Paulo called out, not a name but a Brazilian version of “Oi!” I blushed. Every British sinew in my body shuddered at the thought of wandering onto somebody’s property and yelling “oi!” at them. However there didn’t seem to be an alternative. I’m not sure saying, “Ding-dong” in a high pitch, melodic tone would have made much sense here.


“Good,” Paulo asserted after concluding that there was nobody home. “We can piss!”

Apparently, if people aren’t at home you can urinate on their land. The rest of us stood around awkwardly, very aware that we were standing, uninvited, on somebody’s property, while our invitee was passing water. It felt wrong to explore. This was not a museum, this was somebody’s home. But at the same time, after hours on a boat, drinking to keep hydrated, all of us realised that our bladders were fuller than we had thought. One by one, we picked a bush to retire behind.

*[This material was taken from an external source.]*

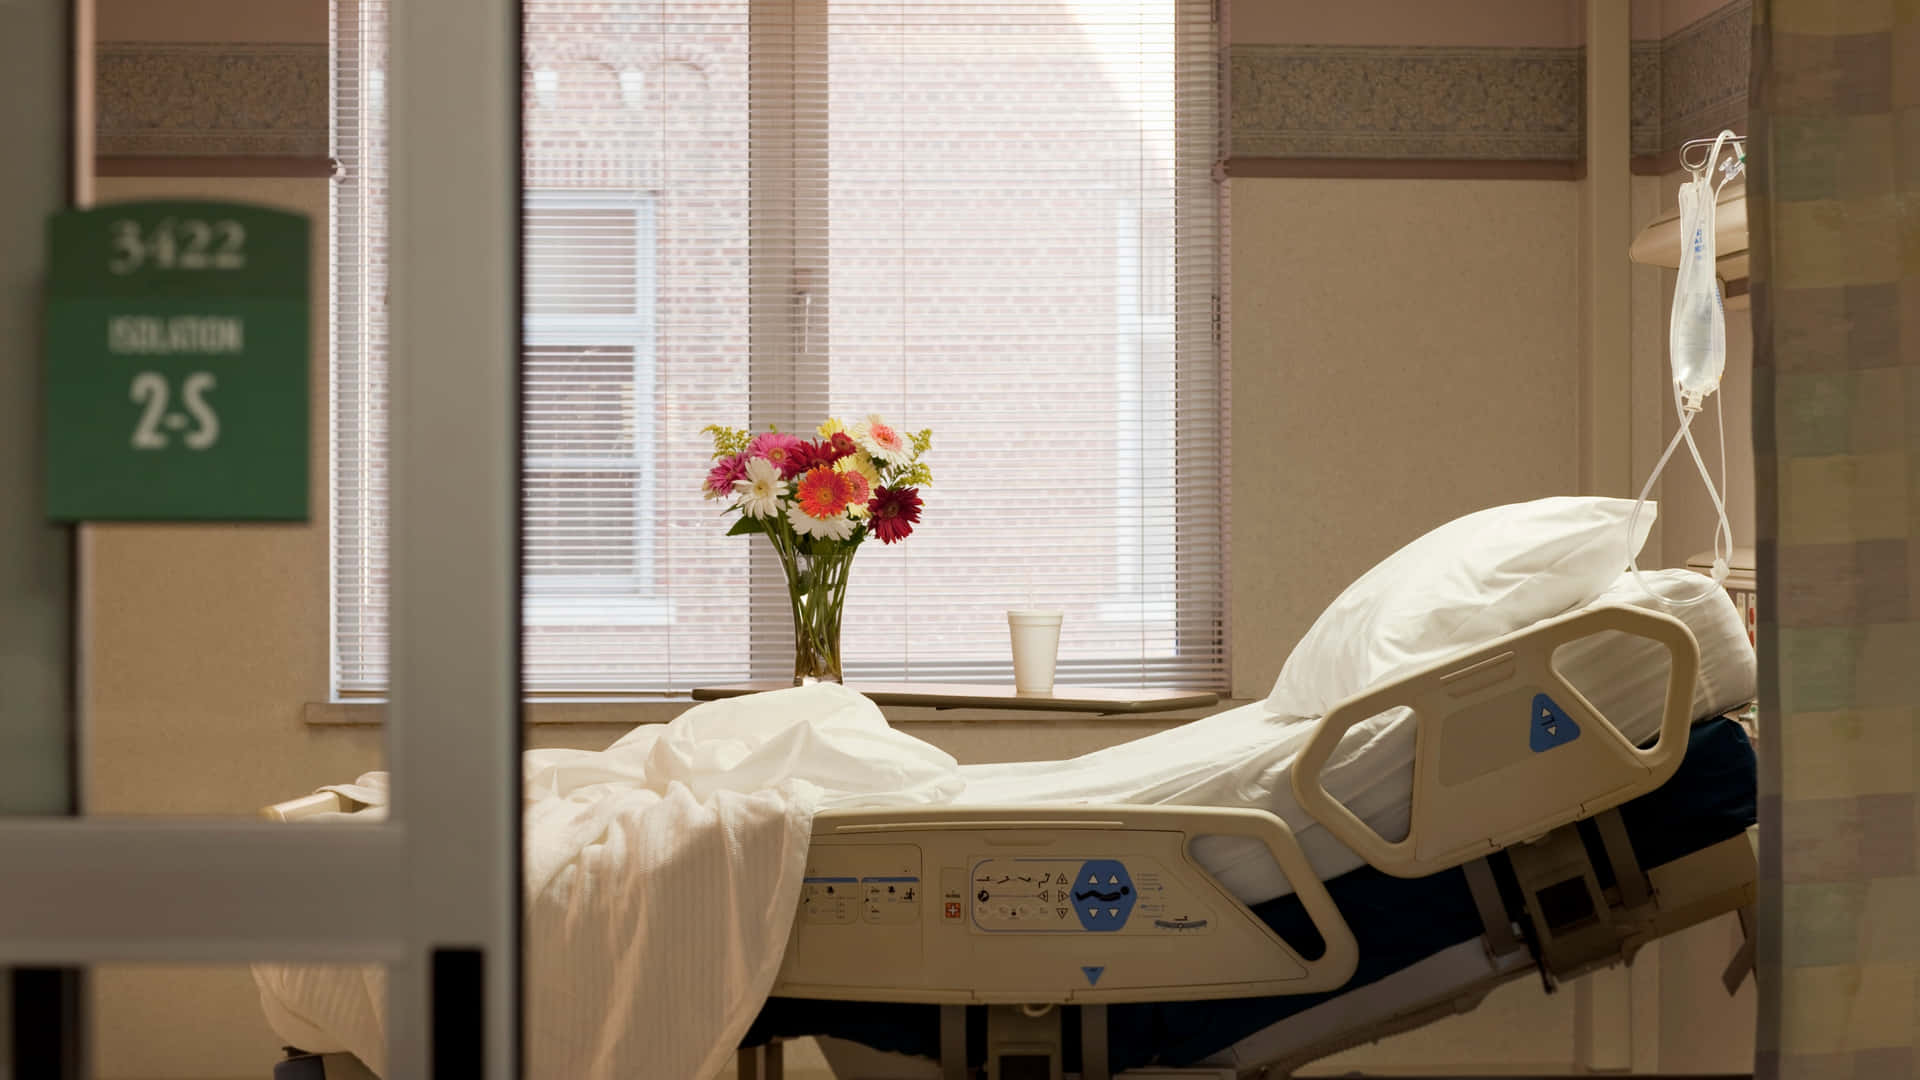 A serene hospital room featuring a clean hospital bed and a flower vase by the bedside. Wallpaper

It was the longest wee of my life. My mind was filled with horror at the thought of a quiet, peaceful man, quite content with his traditional way of life, returning from a successful fishing trip to find six tourists urinating in his bushes. I then wondered if he had a blow pipe…


When I emerged from my bush, I was even more surprised to discover the use of Paulo’s pink bag. Seemingly in a frenzy, Paulo was plucking limes off the poor man’s trees and stuffing them into his bag. He turned as he sensed us watching him, a wicked smile on his face.


“Ssshhh!” He grinned.


“Paulo, why do you want so many limes?”


He didn’t answer with words, only with a smile as he mimed staggering and going cross-eyed. He collapsed into wheezy mirth.


“Ah”. Caipirinhas is the Brazilian national drink. It is completely and utterly potent and I’m fairly sure could poison a hippopotamus. And it’s made of limes. I now realised how well planned Paulo’s route was, and he’d clearly timed it to perfection. The guy had tenacity, that’s for sure.


With his little pink bag now stuffed with contraband, we made our way back to the boat. We were fairly resigned to the fact that we would not be graced with a jaguar sighting, but we were not downcast. The bird life was still glorious, the landscape was still magical and we all chatted happily in the dazzling heat.


“Aaiieeee!”, Paulo almost convulsed as he let out a cry of surprise and brought the boat to a coccyx-pounding halt.


“A Jaguar,” he whispered as he composed himself and swung the boat around. To a man, our eyes widened and our mouths shut. My heart was pounding like a bass drum and I subconsciously started holding my breath. As the boat slowly turned and slowly, ever so slowly, crept towards the river bank. As if we weren’t going slow enough, Paulo cut the engine, and silence reigned supreme. Seconds felt like minutes. You know how when you are driving in a hurry and you see an elderly person step onto a zebra crossing, and it feels as if they not only take hours, but generations and historical eras pass by as they totter by without a care in the world, sometimes dropping something or stopping and having a conversation with a pigeon half way across. In reality, it takes about twenty seconds, but it feels like you have celebrated several birthdays while waiting, and every seconds tightens that knot of tension in your shoulders. This felt similar: I felt like the jaguar, if there was one in the first place, would be somewhere in Bolivia by now.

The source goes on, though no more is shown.